Abstract:Image segmentation in RGB space is a notoriously difficult task where state-of-the-art methods are trained on thousands or even millions of annotated images. While the performance is impressive, it is still not perfect. We propose a novel image segmentation method, achieving similar segmentation quality but without training. Instead, we require an image sequence with a static camera and a single light source at varying positions, as used in for photometric stereo, for example.
What problem does this paper attempt to address?
The problem that this paper attempts to solve is the difficult task of image segmentation in RGB space, especially how to achieve high - quality image segmentation without relying on a large amount of labeled data. Specifically, the author proposes a new image segmentation method based on shadow - hints, aiming to generate segmentation results by using image sequences taken by a static camera and a single light source at different positions.
### Problem Background
1. **Limitations of Traditional Methods**:
- Existing state - of - the - art image segmentation methods usually require thousands or even millions of labeled images for training [Kirillov et al. 2023].
- Although these methods perform excellently, there are still some deficiencies, especially when dealing with complex scenes.
2. **Advantages of the New Method**:
- The method proposed by the author does not require any labeled data, but uses the transition between light and shadow to reveal the spatial structure of the scene and track the contours of objects.

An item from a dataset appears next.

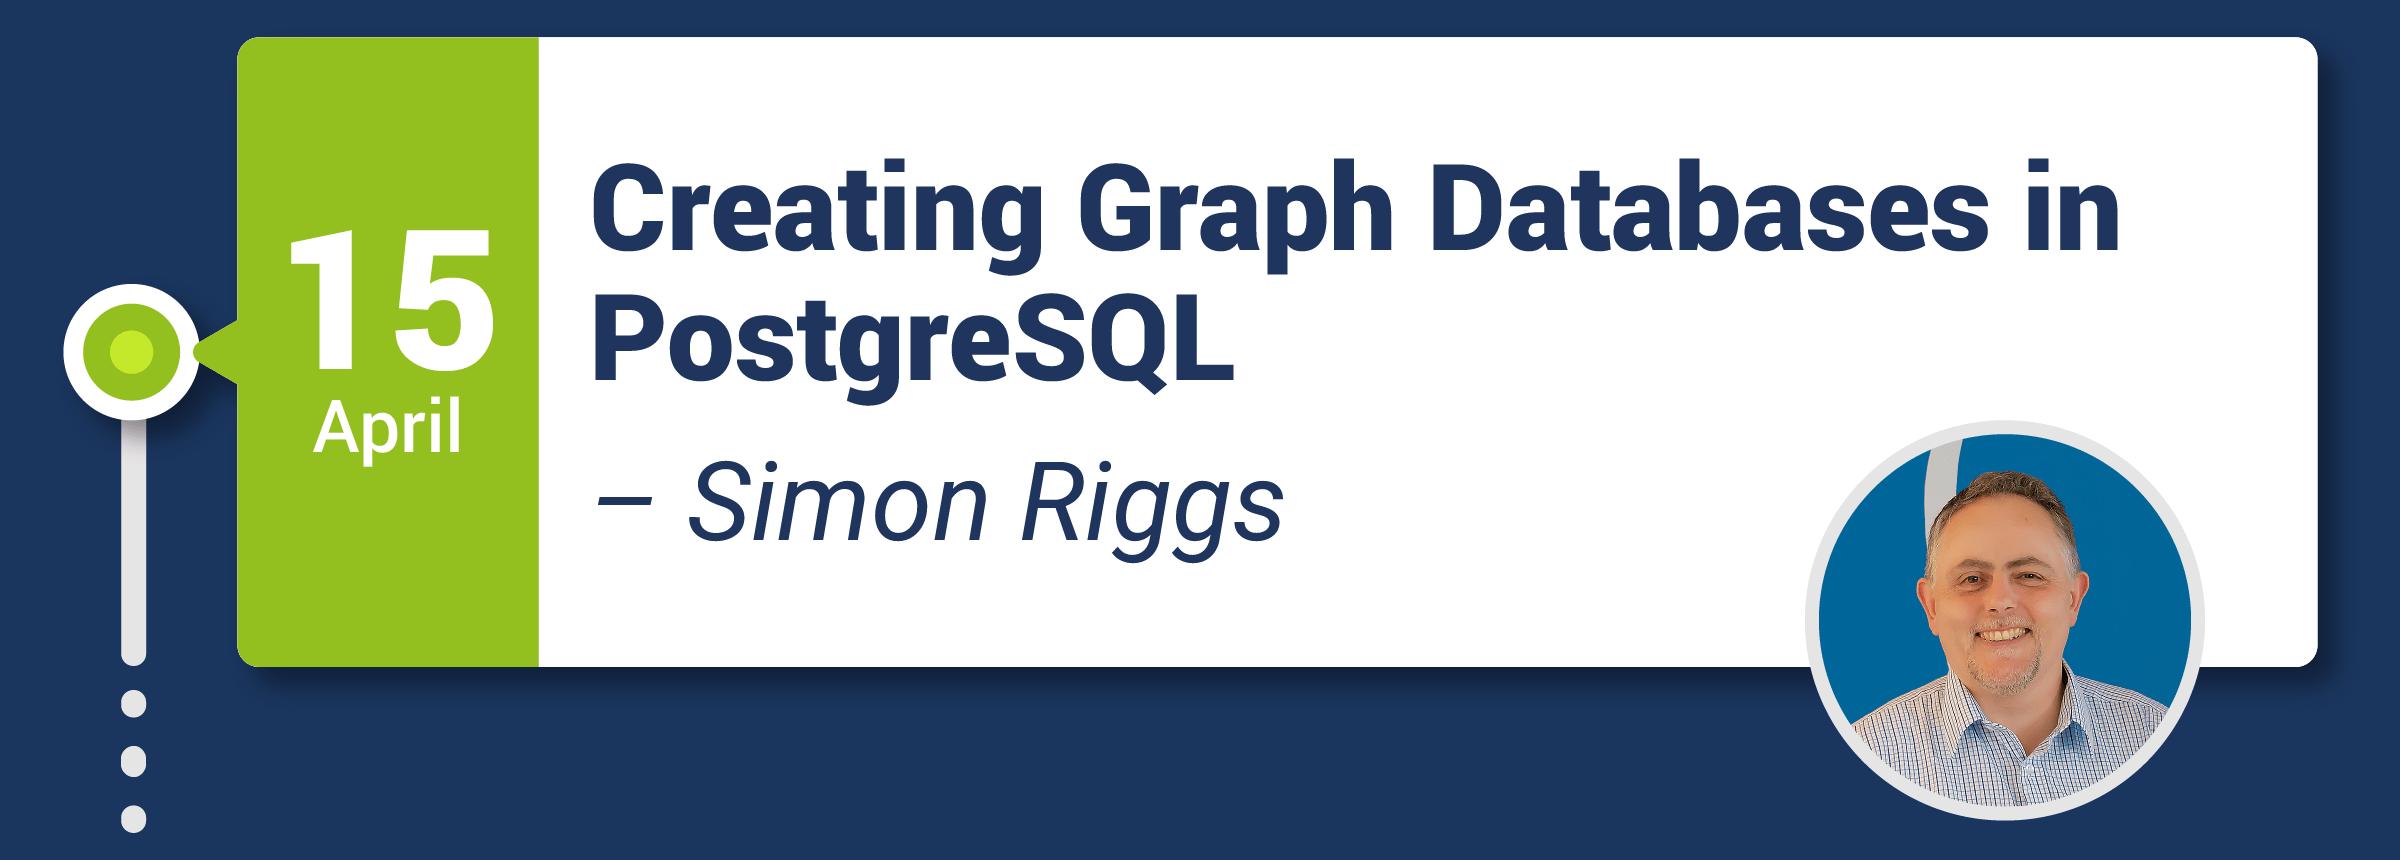 Webinar: Creating Graph Databases in PostgreSQL

- This method is especially suitable for scenarios such as photometric stereo, where foreground objects cast shadows on background objects under different lighting conditions.
### Solution
To achieve this goal, the author proposes the following steps:
1. **Shadow Edge Detection**:
- Use the template matching method to detect the shadow - to - light transitions in all shadow masks and combine these transitions into the edge strength and direction for each pixel.
- Expressed by the formula:
\[
b_{p,d} = \frac{\sum_{l} \omega_{l,p,d} \cdot \sigma\left(\frac{E_{l,p,1} - E_{l,p,d}}{\beta}\right)}{\sum_{l} \omega_{l,p,d}}
\]
where $\omega_{l,p,d} \in \{0,1\}$ is a binary weight and $\sigma$ is the Sigmoid function.
2. **Sub - pixel Delaunay Triangulation**:
- Extract fine contours from the edge strength and direction through non - maximum suppression and double - thresholding.
- Use quadratic fitting to accurately locate the sub - pixel positions of edge pixels to obtain smoother contours.
3. **Segmentation**:
- Use Delaunay triangulation to connect edge pixels into a 2D polygonal mesh.
- Gradually fuse triangles through the minimum spanning tree algorithm to form larger fragments.
- Calculate the aspect ratio of each fragment:
\[
l_S = \frac{|S| - A_{\text{min}}}{\min_{e \in S}(|e|)}
\]
where $A_{\text{min}}$ is the minimum fragment area, which is used to ensure that small fragments are fused.
4. **Experimental Verification**:
- The author conducted comparative experiments between this method and classical and learning - based image segmentation methods, including FH04 [Felzenszwalb and Huttenlocher 2004] and Segment Anything Model (SAM23) [Kirillov et al. 2023].
- The results show that this method can produce results comparable to SAM23 in many cases, and shows higher robustness especially when dealing with textured areas.
### Conclusion
This method provides an alternative for image segmentation without relying on labeled data, and can be manually refined while controlling the segmentation granularity in real - time. This provides a new way to create labeled data sets for training learning - based image segmentation algorithms.
---
Through the above methods, the author has successfully solved the problem of achieving high - quality image segmentation without relying on a large amount of labeled data, and demonstrated its potential in practical applications.